Credit Suisse to reorganize electronic trading after departure of trading chief

Credit Suisse reportedly plans to reorganize its equities business, separating electronic trading from block trading of large orders. The separation of the trading units comes as word came out that the trading chief under whom the units were united plans to leave the company.

Daniel Mathisson, who joined Credit Suisse in 2000, was promoted to oversee all U.S. stock trading in 2012. At the time he was head of the firm’s electronic trading, called advanced execution services (AES). He retained oversight of AES when he was promoted to oversee the rest of US equities trading.

The plans to separate electronic trading from block trading are reportedly part of broader changes within Credit Suisse. The bank plans to reorganize many electronic trading functions across stock and fixed income securities in a larger reshuffling, the Wall Street Journal reported. Details of that reshuffling are expected soon.

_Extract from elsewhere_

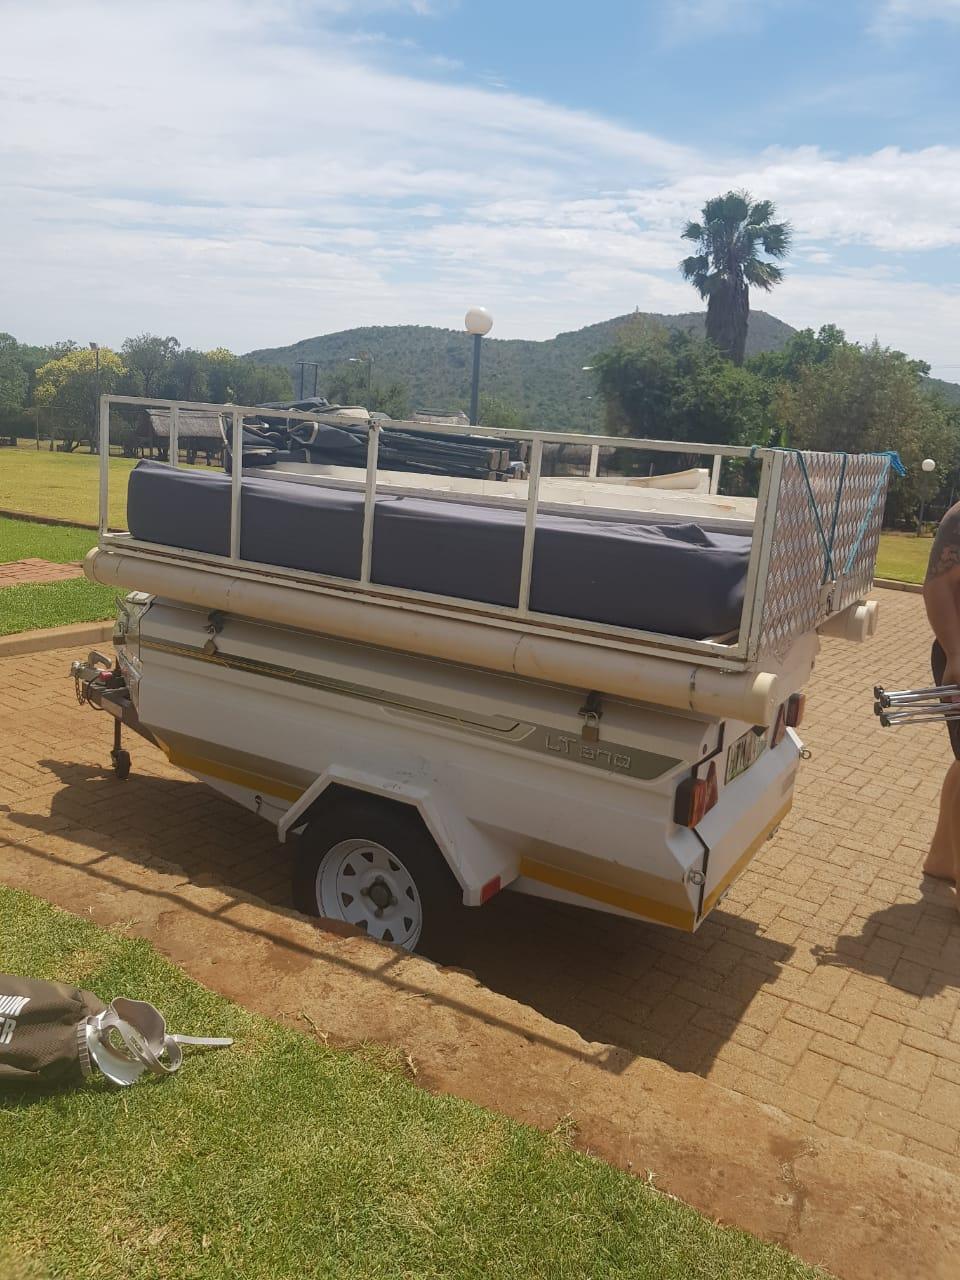 Jurgens LT 670 trailer for sale or swop

New Credit Suisse CEO Tidjane Thiam announced sweeping changed in October that included transitioning the bank’s US private banking business to Wells Fargo, right-sizing the bank’s London footprint, and cutting as many as 5,600 jobs across the U.S., U.K. and Switzerland.

Mathisson reportedly told dozens of employees of his plans to leave the firm late Tuesday afternoon. He is expected to leave the bank next month, and plans to take six months off before starting a business. His new venture will be in asset management, sources told Bloomberg and the Wall Street Journal.

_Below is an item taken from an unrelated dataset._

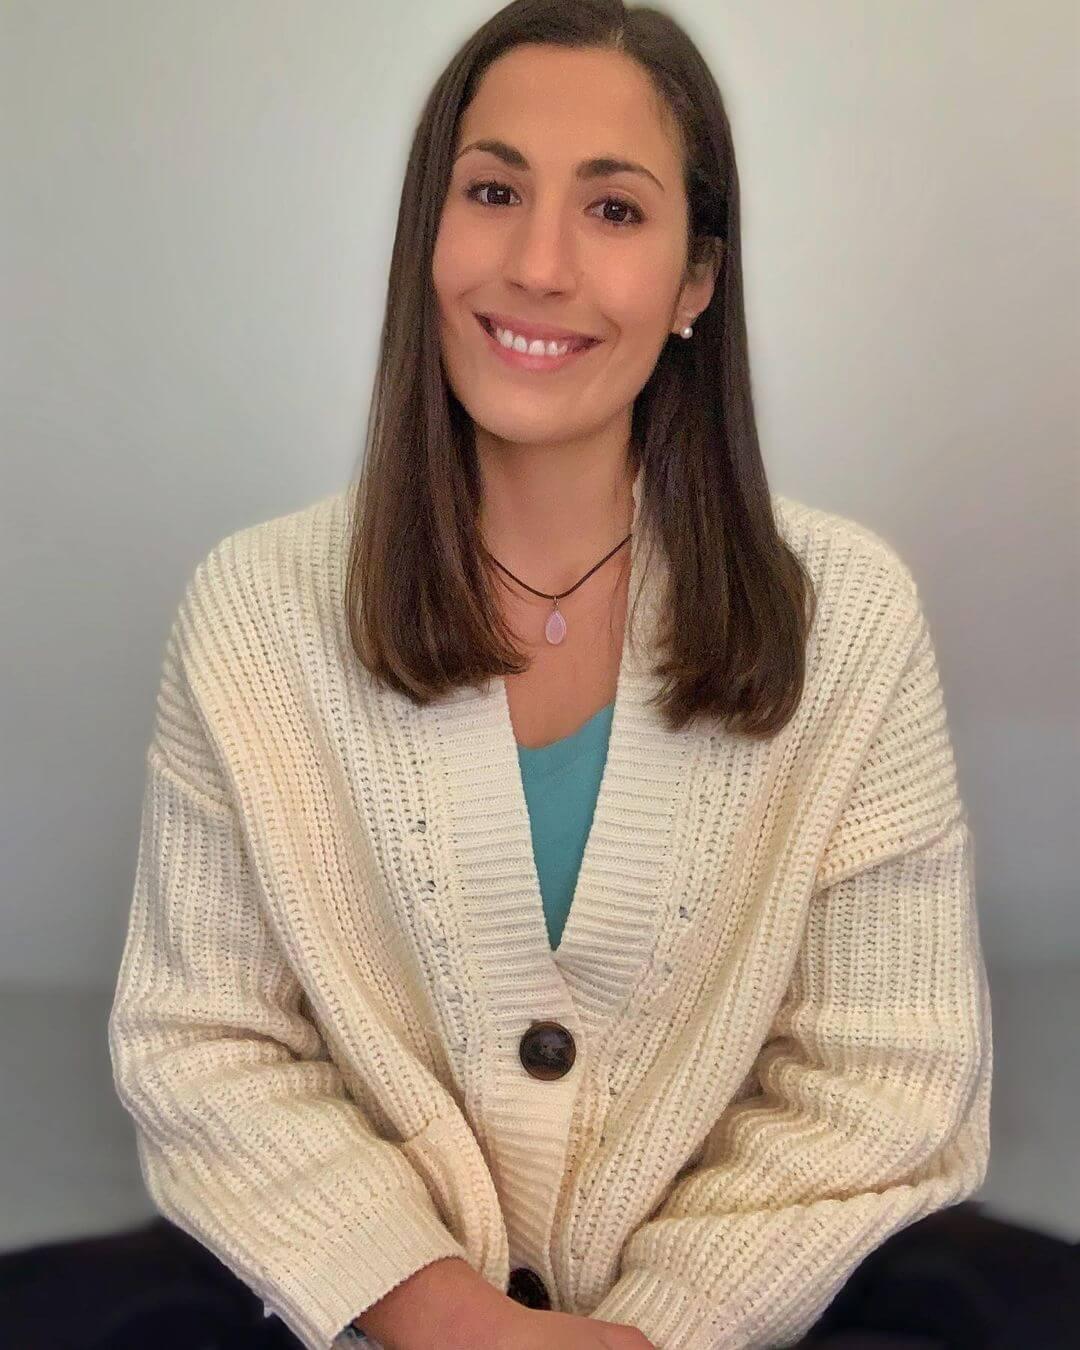 Lore Díaz Presentación

The changes, and Mathisson’s departure, also come amid ongoing settlement talks between Credit Suisse and the Securities and Exchange Commission over potential improprieties with the firm’s dark pool, called Crossfinder. Crossfinder, which is part of the AES business, grew steadily while Mathission headed the division. A 2008 press release from the bank noted that the dark pool’s volume grew an average of 30 percent per month through 2008. The Wall Street Journal reported that Credit Suisse, together with Barclays, could pay $150 million combined to settle investigations into their dark pools.

Mathisson, who worked for D.E. Shaw & Co. before joining Credit Suisse was reportedly called “Mr. Algo” by Credit Suisse executive Bob Jain, because of his innovative work in algorithmic trading, Bloomberg reported. Credit Suisse built market share under Mathisson’s lead, partly by selling algorithms directly to money managers, according to Bloomberg.